Washington has never been a repository of fiscal probity, but since the financial crisis of 2008 the city has been on a spending binge that brings into question the sanity of those in charge. For example, just before the crash in 2007, the federal budget deficit was $160 billion. The 2008 budget deficit was $459 billion. And since then, Congress has run annual budget deficits in excess of $1 trillion.
The Bush administration doled out $475 billion to prop up insolvent corporations with TARP, and the Obama administration has spent another $840 billion on the American Recovery and Investment Act. The Fed has also gotten into the bailout act by tripling its balance sheet and initiating periodic rounds of “quantitative easing” (money printing).
What have we to show for all the “stimulus” spending, exploding debt, and inflation of the past four years?
Unemployment remains stubbornly high, with the official rate stuck around 8 percent; furthermore, nearly 30 percent of the jobless have been out of work for more than a year. The real unemployment rate is probably closer to 20 percent. One in seven Americans are receiving food stamps, and 20 percent of all household income now comes from government assistance in one form or another.
So it appears the fiscal and monetary stimulants injected by the Treasury and the Fed are no longer giving the U.S. economy even a short-term fix.
The same thing is happening across the Atlantic, where the European Central Bank has created trillions of euros to bail out the large banks and supposedly lift the EU economy out of recession. The resulting inflationary spasms are only sinking the continent deeper into depression.
There is no light at the end of this Keynesian tunnel, because it is headed straight toward a brick wall. What is needed is a detour.
The only way out of this mess is to change course and allow markets to clear. That means all markets, including the housing market, the stock market, the bond market, and the labor market.
It means we must stop inflating, and we must slash spending to the point where the federal budget is balanced and the principal of the national debt is actually being paid down.
Some have even argued for a repudiation of the national debt. After all, U.S. government bonds are technically unsecured debt. Why should these creditors be shielded from the risk of lending to a deadbeat like Uncle Sam? Moreover, an outright default would unburden future generations from a gigantic debt they didn’t create, while making it much harder for the federal government to borrow money in the future.

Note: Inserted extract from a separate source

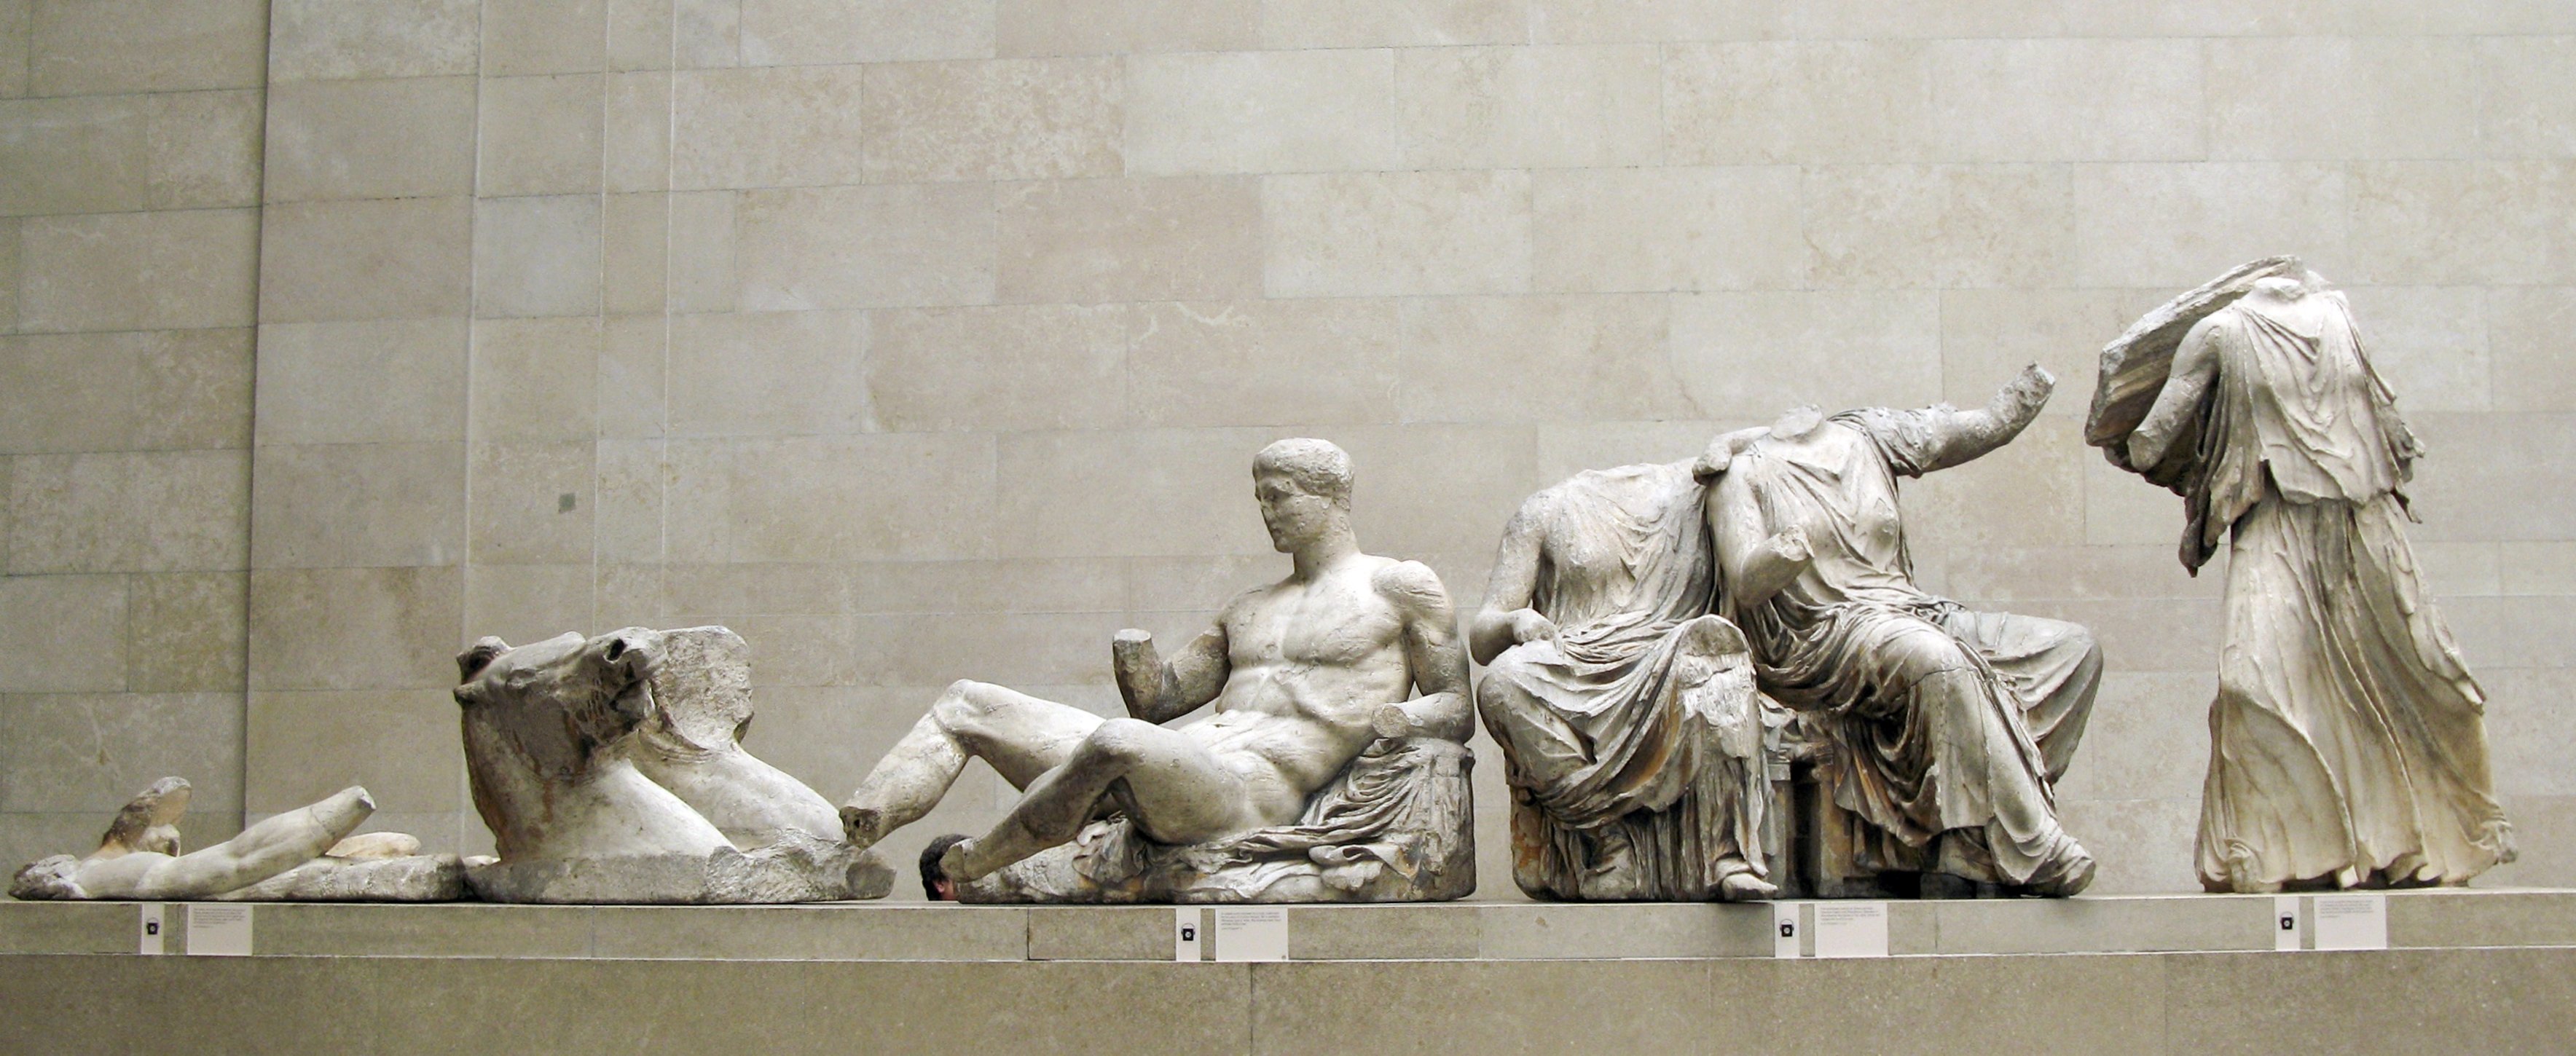 Efecte art de la Franja, a la inversa: Londres no tornarà marbres del Partenó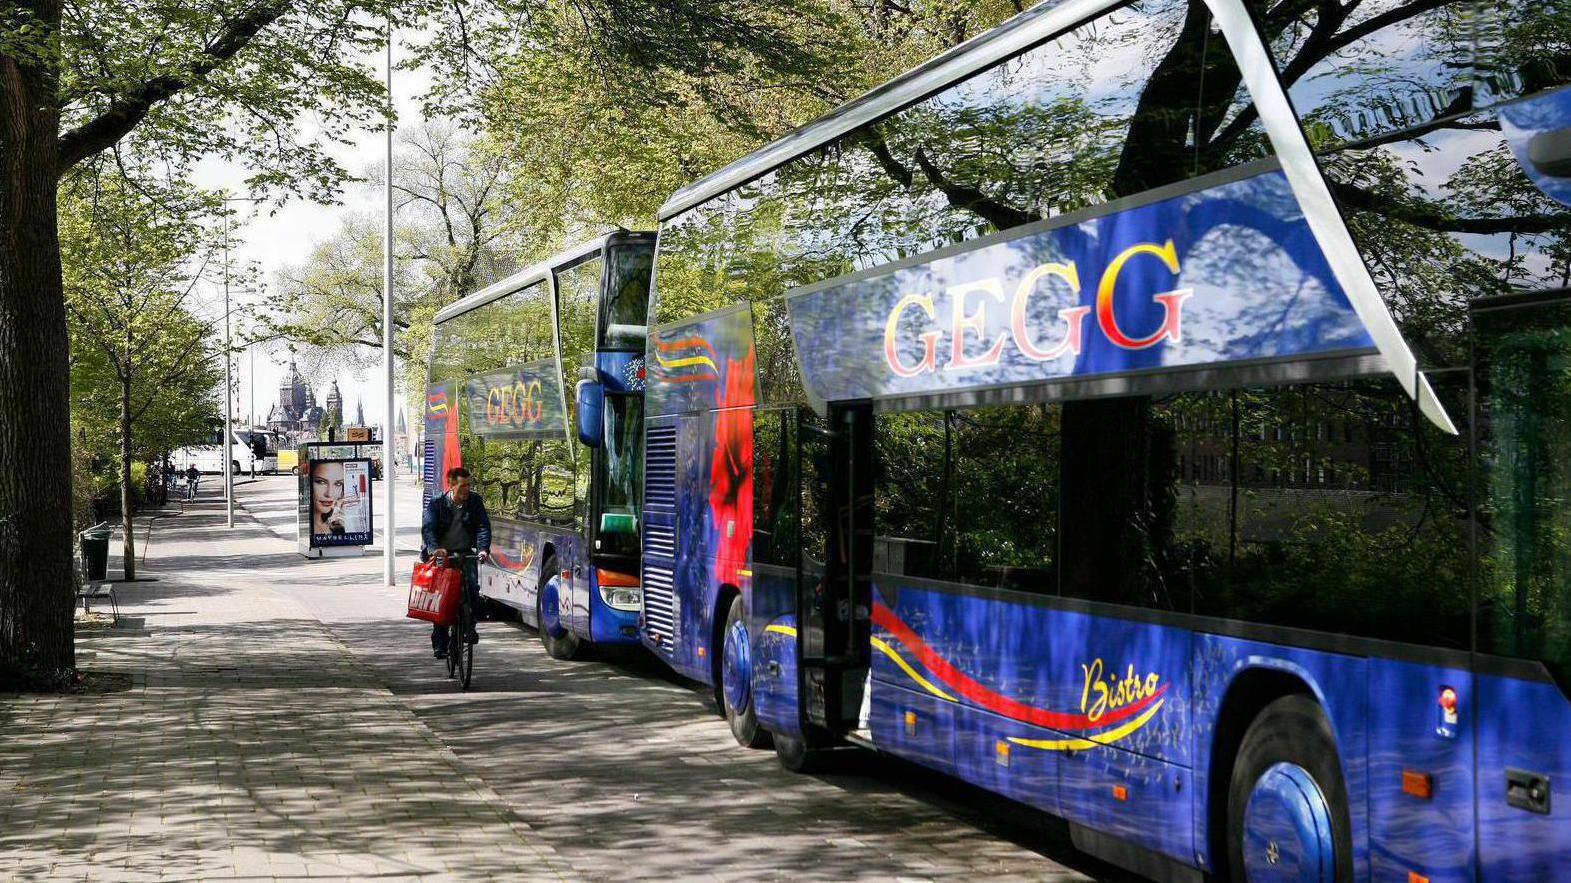 Nieuwe hop-on hop-off bus biedt rondje stad over binnenring

Murray Rothbard made exactly this point more than 20 years ago, when the U.S. government’s debt was a relatively modest $3.5 trillion (it’s now $16 trillion). He wrote,
I propose, then, a seemingly drastic but actually far less destructive way of paying off the public debt at a single blow: outright debt repudiation. Consider this question: why should the poor, battered citizens of Russia or Poland or the other ex-Communist countries be bound by the debts contracted by their former Communist masters? In the Communist situation, the injustice is clear: that citizens struggling for freedom and for a free-market economy should be taxed to pay for debts contracted by the monstrous former ruling class. But this injustice only differs by degree from “normal” public debt. For, conversely, why should the Communist government of the Soviet Union have been bound by debts contracted by the Czarist government they hated and overthrew? And why should we, struggling American citizens of today, be bound by debts created by a past ruling elite who contracted these debts at our expense? One of the cogent arguments against paying blacks “reparations” for past slavery is that we, the living, were not slaveholders. Similarly, we the living did not contract for either the past or the present debts incurred by the politicians and bureaucrats in Washington.
All things considered, an outright default would be the most honorable and least disruptive thing to do. But there is little chance the current crop of elected officials and bureaucrats who run things in Washington will follow Rothbard’s advice.